Two different geometries are used in the study, depicted in Figure 1. Samples of these geometries were prepared for both the longitudinal and transverse direction of the original laminate plate material. The hole and the external perimeter were cut using an abrasive waterjet cutting technique.

Two non-destructive techniques were applied to analyze the mechanical behavior of these specimens under different load conditions: infrared thermography method for the fatigue study and digital image correlation method for the tensile test study. A hydraulic testing machine, INSTRON 8801, with a load cell of 100 kN, was used for both the static and fatigue tests. The next sections explain the set-up for each case.

2.1. Infrared-Monitored Fatigue Tests

Infrared thermography (IRT) is a non-destructive technique (NDT) widely used in the mechanical and structural fields for contactless measurement of the surface temperature distribution of an object. This technique reveals internal defects and material inhomogeneity of components, especially in the aeronautical field, because it allows quick inspections of large areas.

Based on thermoelastic theory, the temperature of a material changes when the material changes volume due to mechanical work. The temperature variation can be related to the stress change in an adiabatic environment using Equation (1), where ΔT is the surface temperature variations of the sample during a fatigue cycle; T is room temperature; $\rho$ is the density; $C_p$ is the specific heat capacity at constant pressure; α₁₁ and α₂₂ are the surface coefficients of thermal expansion in 1 and 2 directions; Δσ₁ and Δσ₂ are the amplitudes of the principal stresses at the surface [64]. All these parameters can be found in the literature [65,66].

$$\Delta T=-\frac{T}{C_p\rho }\left({\alpha }_{11}\Delta {\sigma }_1+{\alpha }_{22}\Delta {\sigma }_2\right)$$

(1)

Usually, the loading process can be treated as adiabatic if the fatigue loading frequency is higher than 5 Hz. Therefore, the temperature variation during a cyclic load is related to the stress change. The development of the stresses during the fatigue loading can be considered as an indicator of damage growth [67].
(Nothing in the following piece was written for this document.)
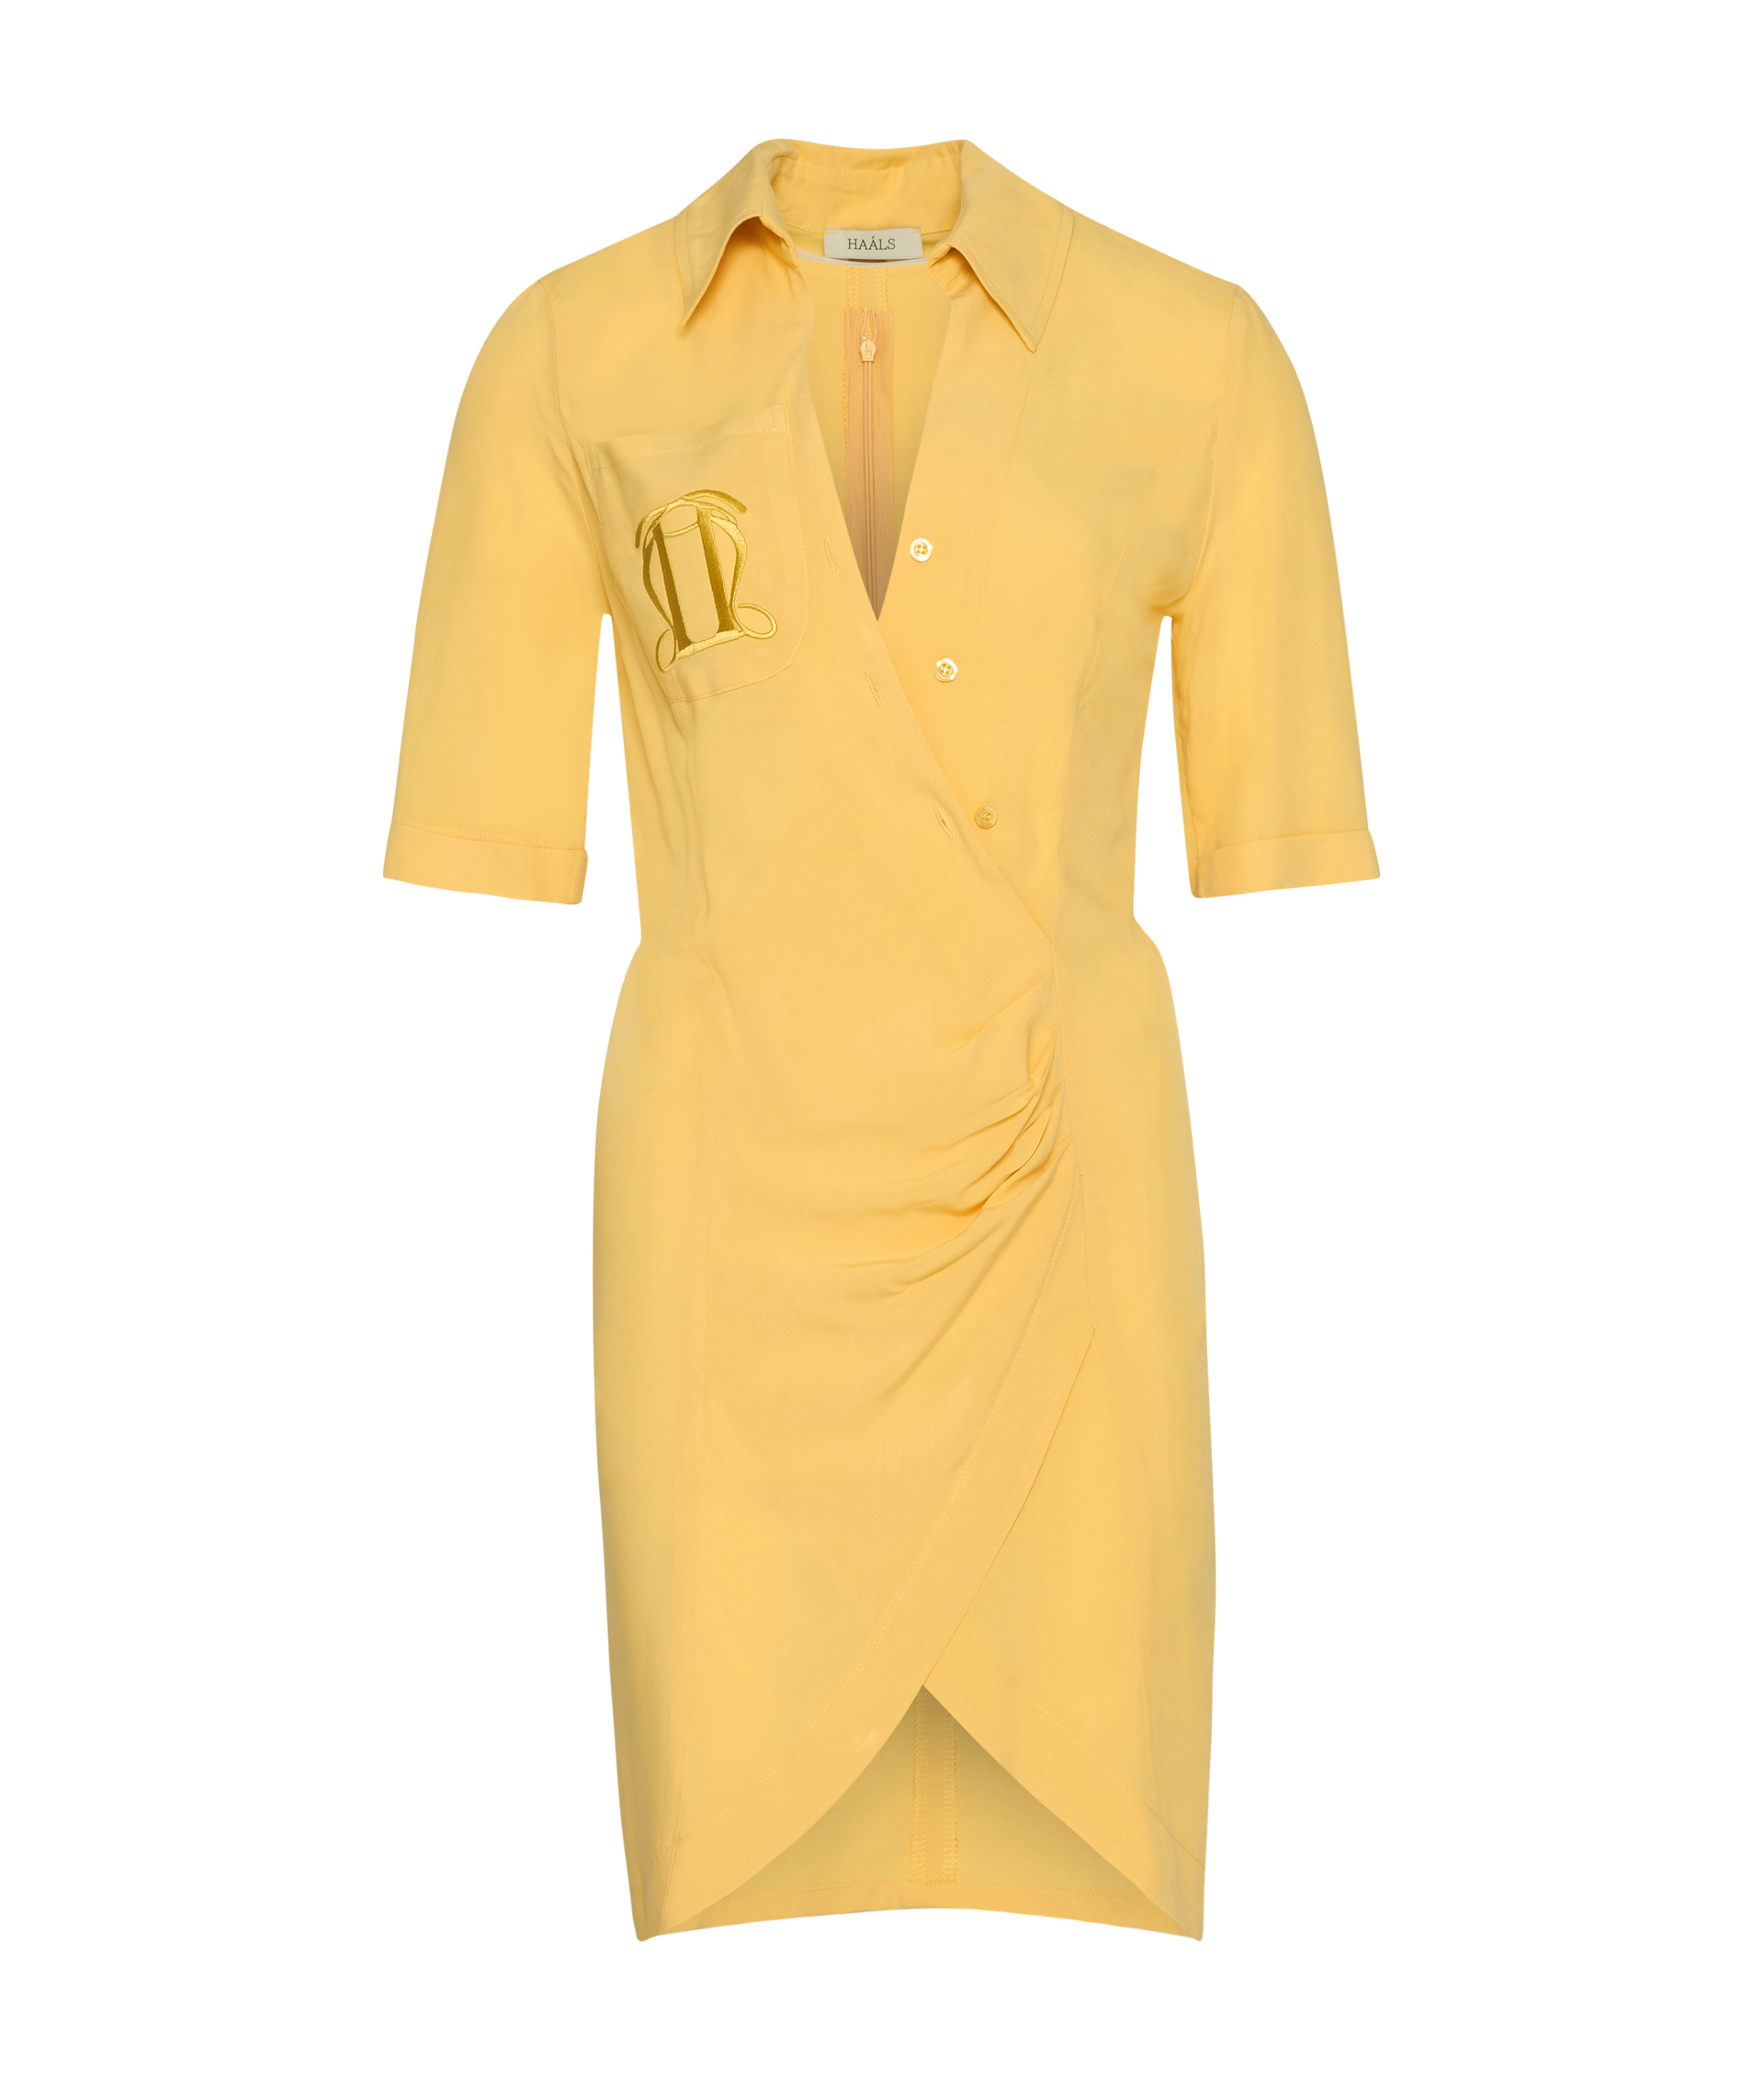 Irene Baby Yellow Dress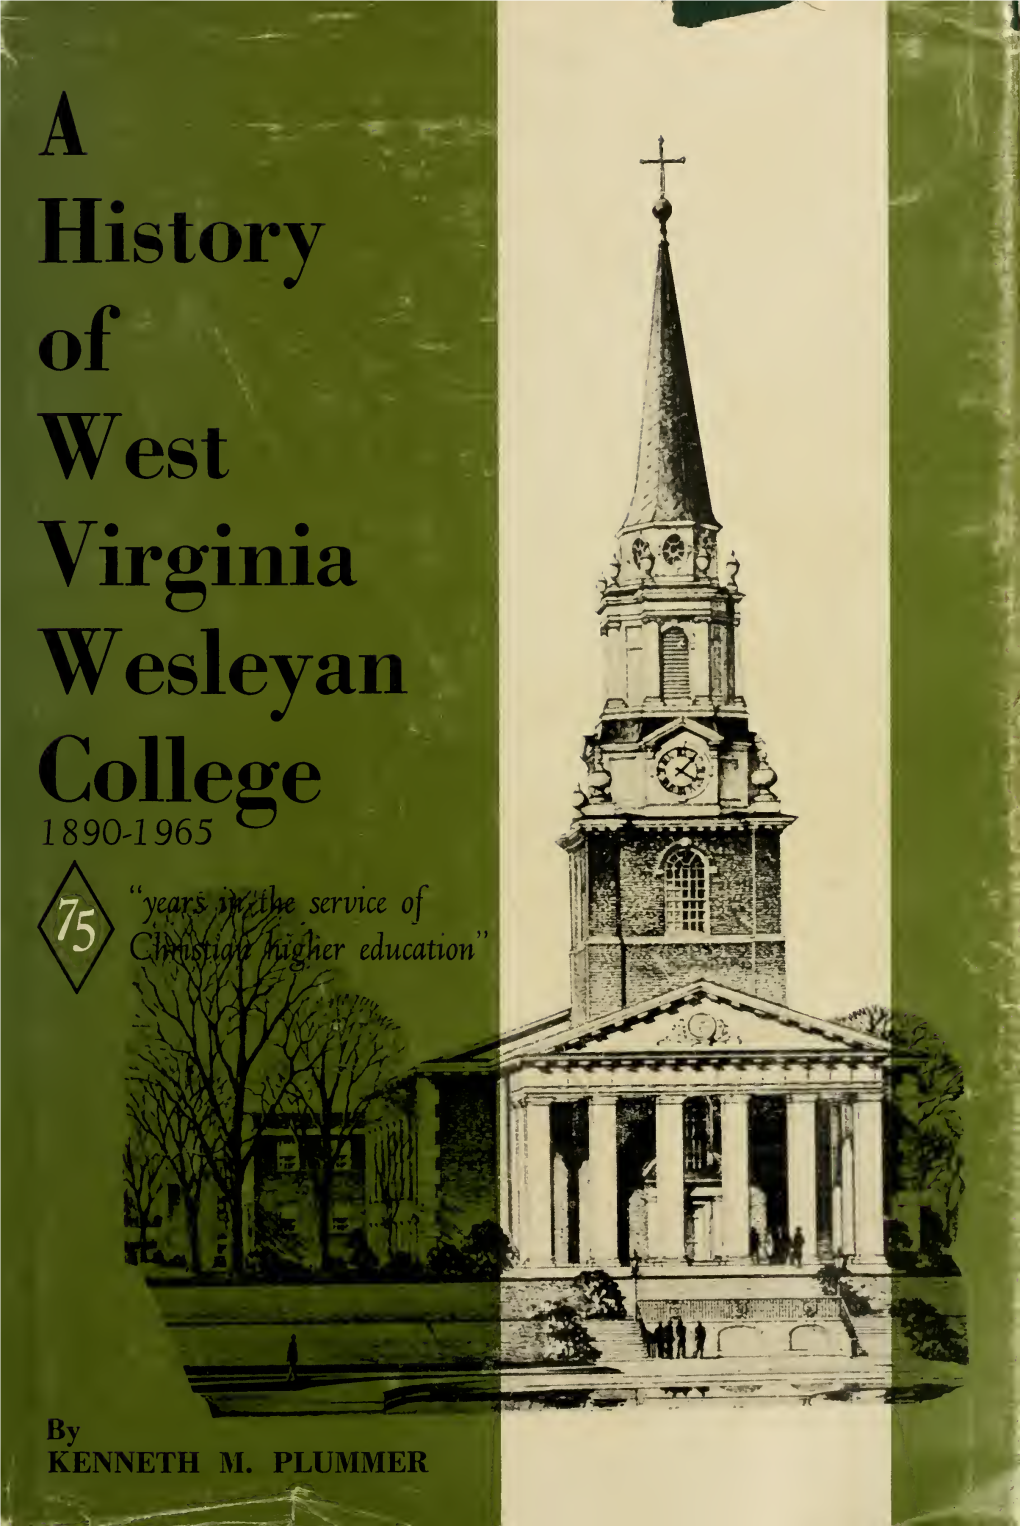 A History of West Virginia Wesleyan College, 1890-1965

For this analysis, all tests were conducted at room temperature. During fatigue testing, infrared images of the samples surfaces were acquired using an IR camera (Testo 882, Titisee-Neustadt, Germany) to measure the variation of the specimen surface temperature. This camera is shown in Figure 2. The IR camera pixel resolution of 320 × 240 and the temperature sensitivity of 50 mK was sufficient to monitor the temperature variation accurately.

This part of the study was carried out using specimens oriented in longitudinal and transversal orientations of the original laminate plate material. The fatigue tests were performed under load control mode with a σ_max = 60 kN, a σ_min = 0 kN and a frequency of 10 Hz to minimize non-adiabatic effect and reduce testing time [64]. The limit of cycles was established at 2 million. Figure 3 shows an example of the temperature variation measurement in a longitudinal specimen during fatigue testing with the geometry A.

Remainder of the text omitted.